_Task statement_: Please set down, with no changes, every line of the material below from the one containing "Pop.: 51,871 |" through the end. Skip the pictures.

_Supplied data_:

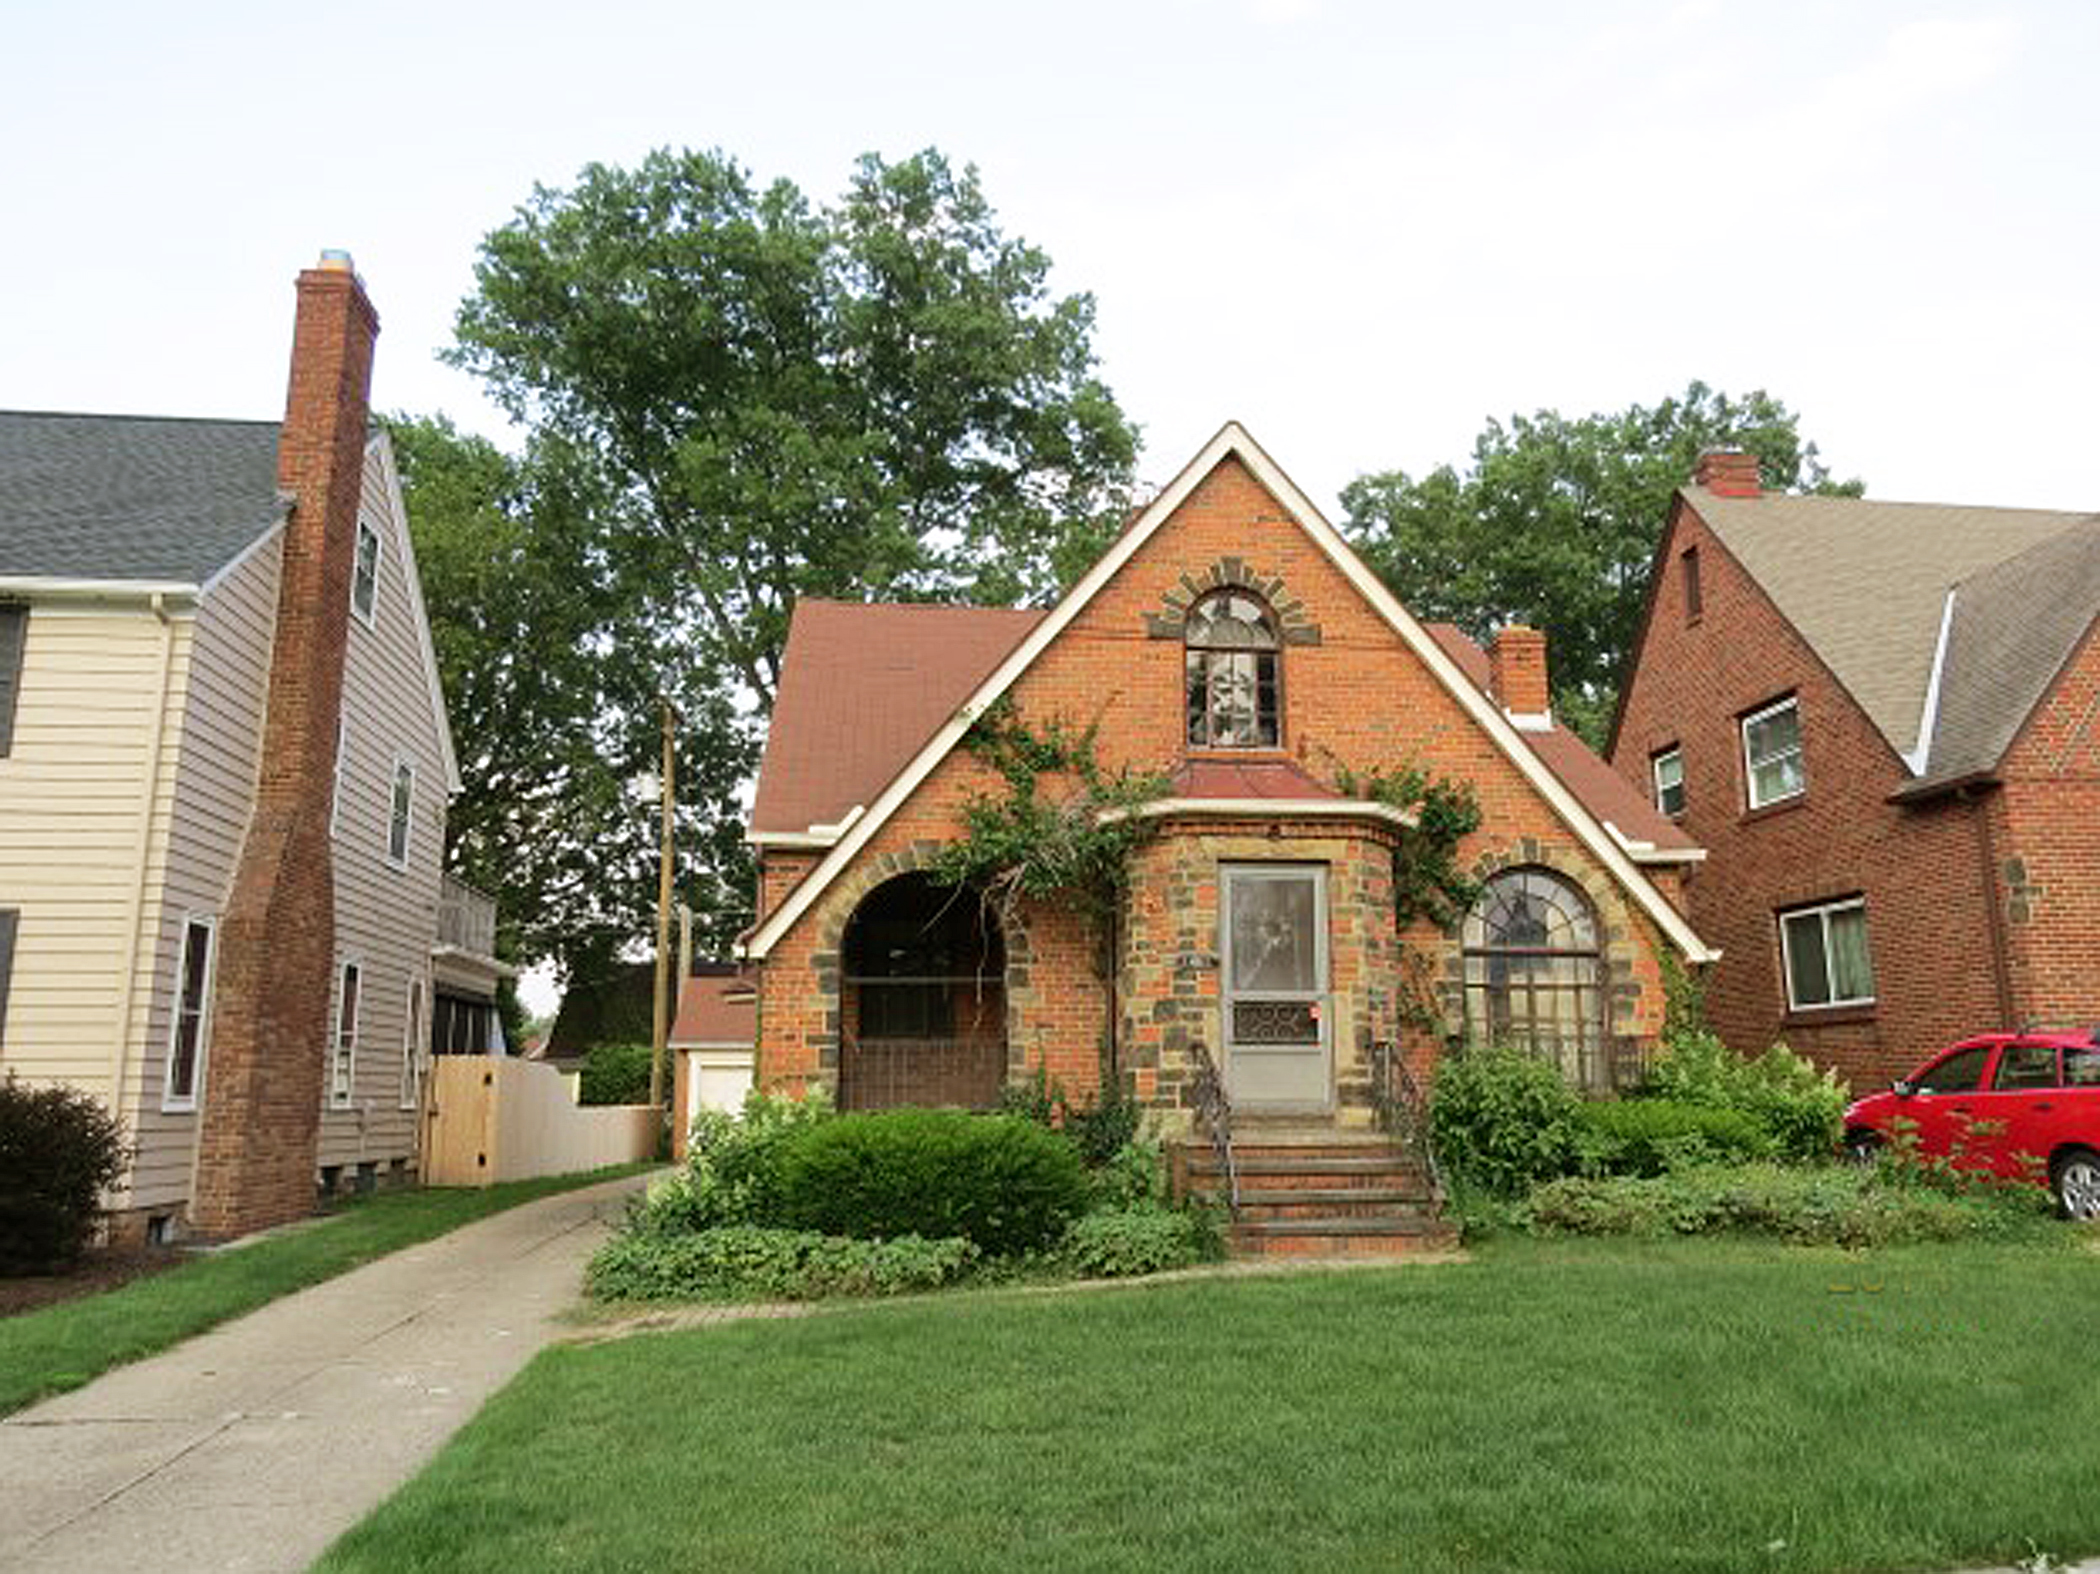 7. Lakewood, Ohio 
                            Pop.: 51,871 | Median Home Price: $97,000 | Home Price Increase: 25%
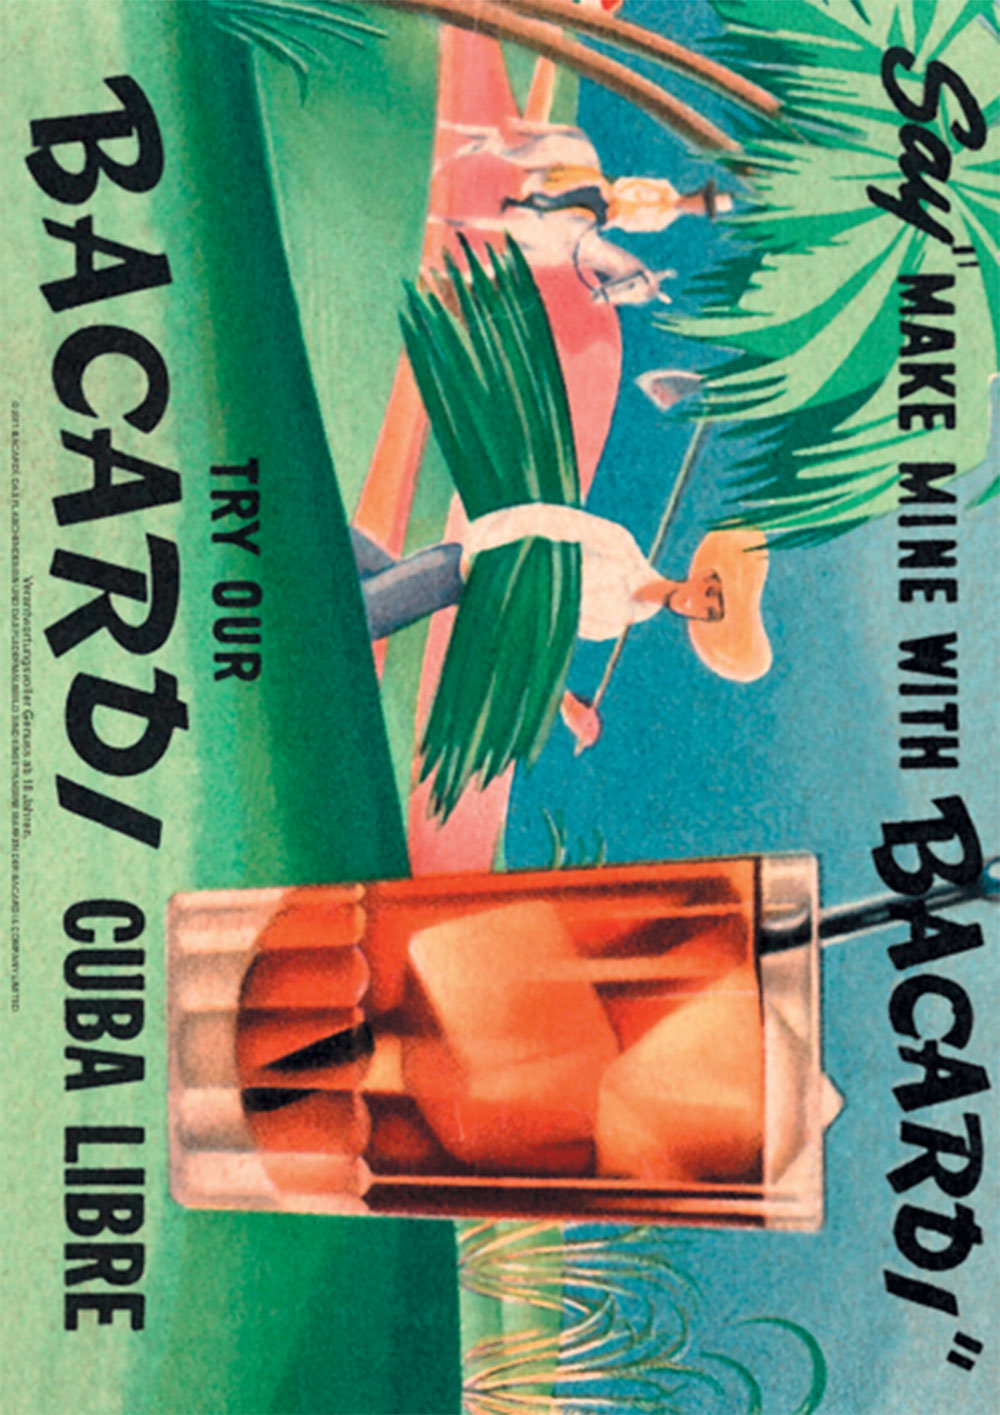 Bacardi Geschenkset - Gläser / Cola / Bacardi Carta Negra Rum 0,7l 700ml (40% Vol) + 2er Set Gläser + 2x Coca Cola 0,2L Inkl. Pfand MEHRWEG- [Enthält Sulfite]
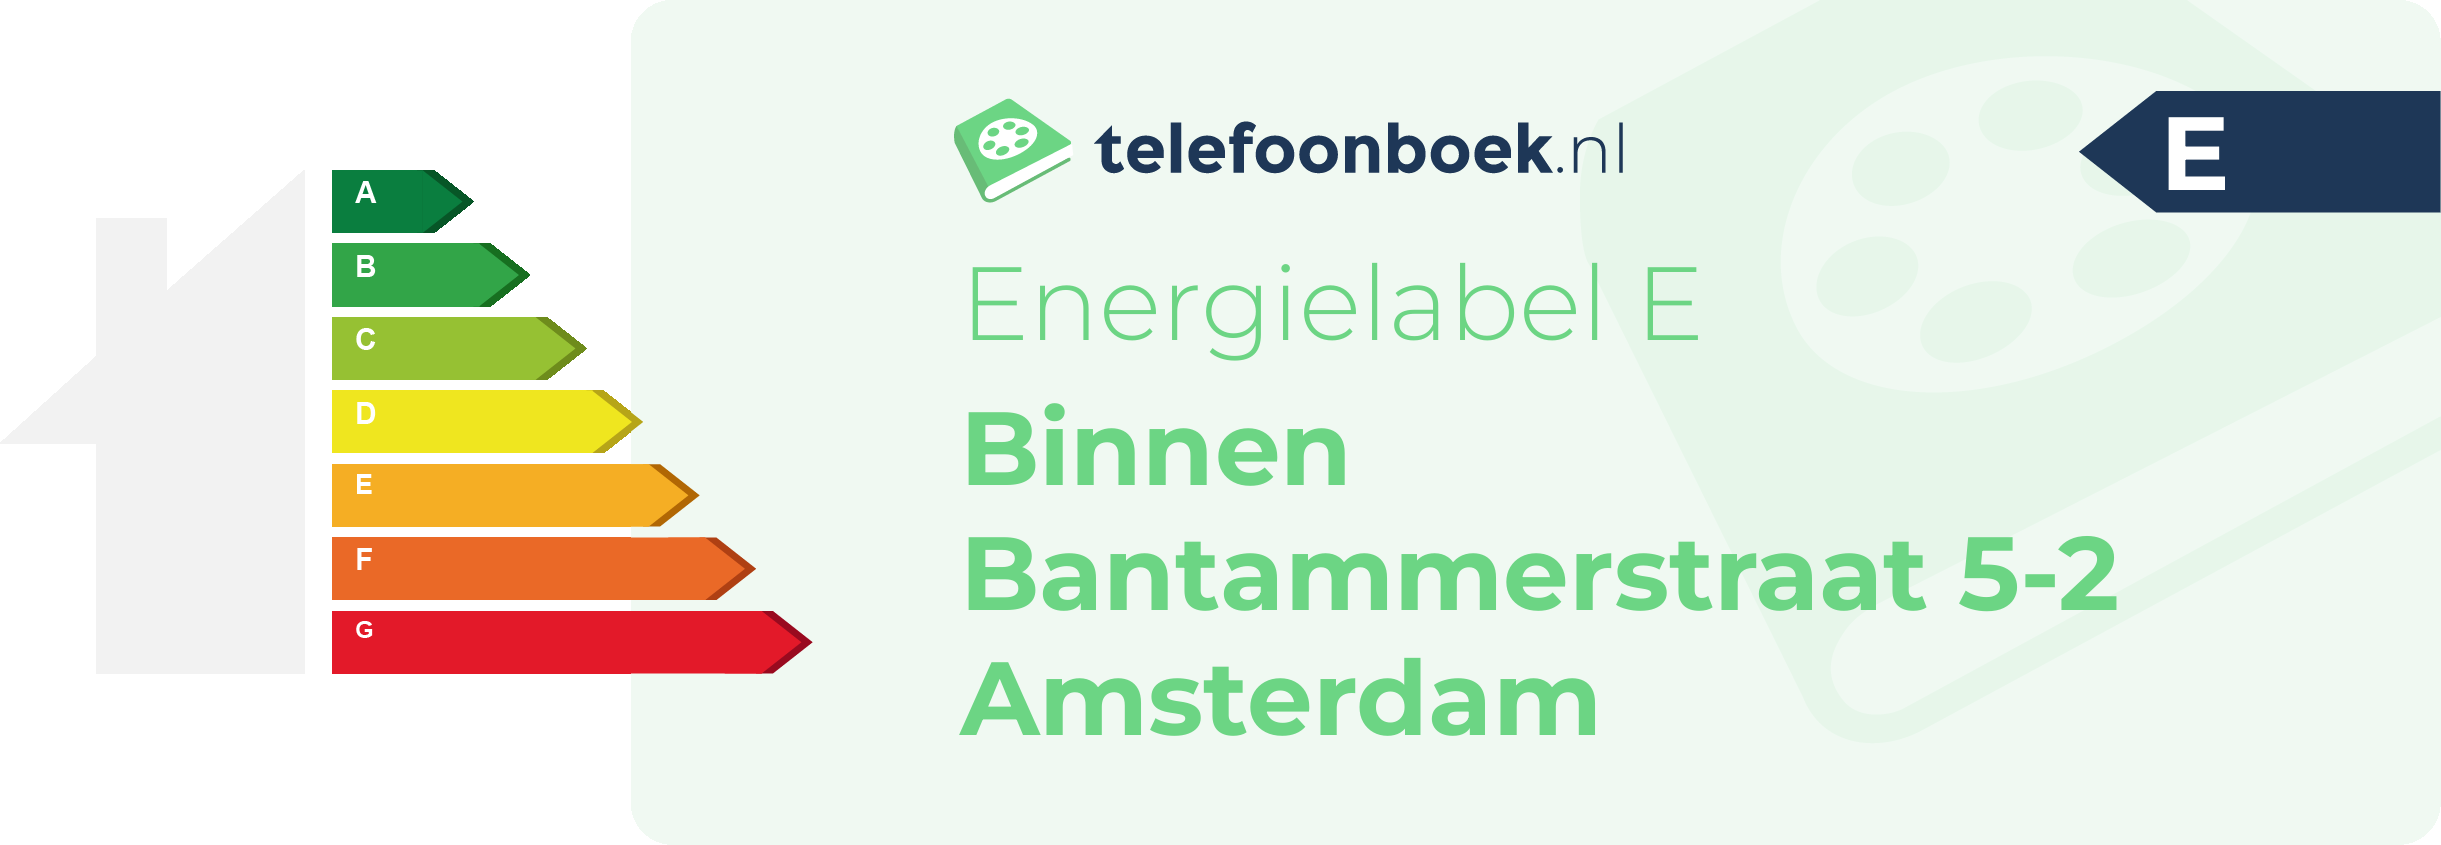 Energielabel Binnen Bantammerstraat 5-2 Amsterdam

_Solution for this problem_:
                            Pop.: 51,871 | Median Home Price: $97,000 | Home Price Increase: 25%
 Bacardi Geschenkset - Gläser / Cola / Bacardi Carta Negra Rum 0,7l 700ml (40% Vol) + 2er Set Gläser + 2x Coca Cola 0,2L Inkl. Pfand MEHRWEG- [Enthält Sulfite]
 Energielabel Binnen Bantammerstraat 5-2 Amsterdam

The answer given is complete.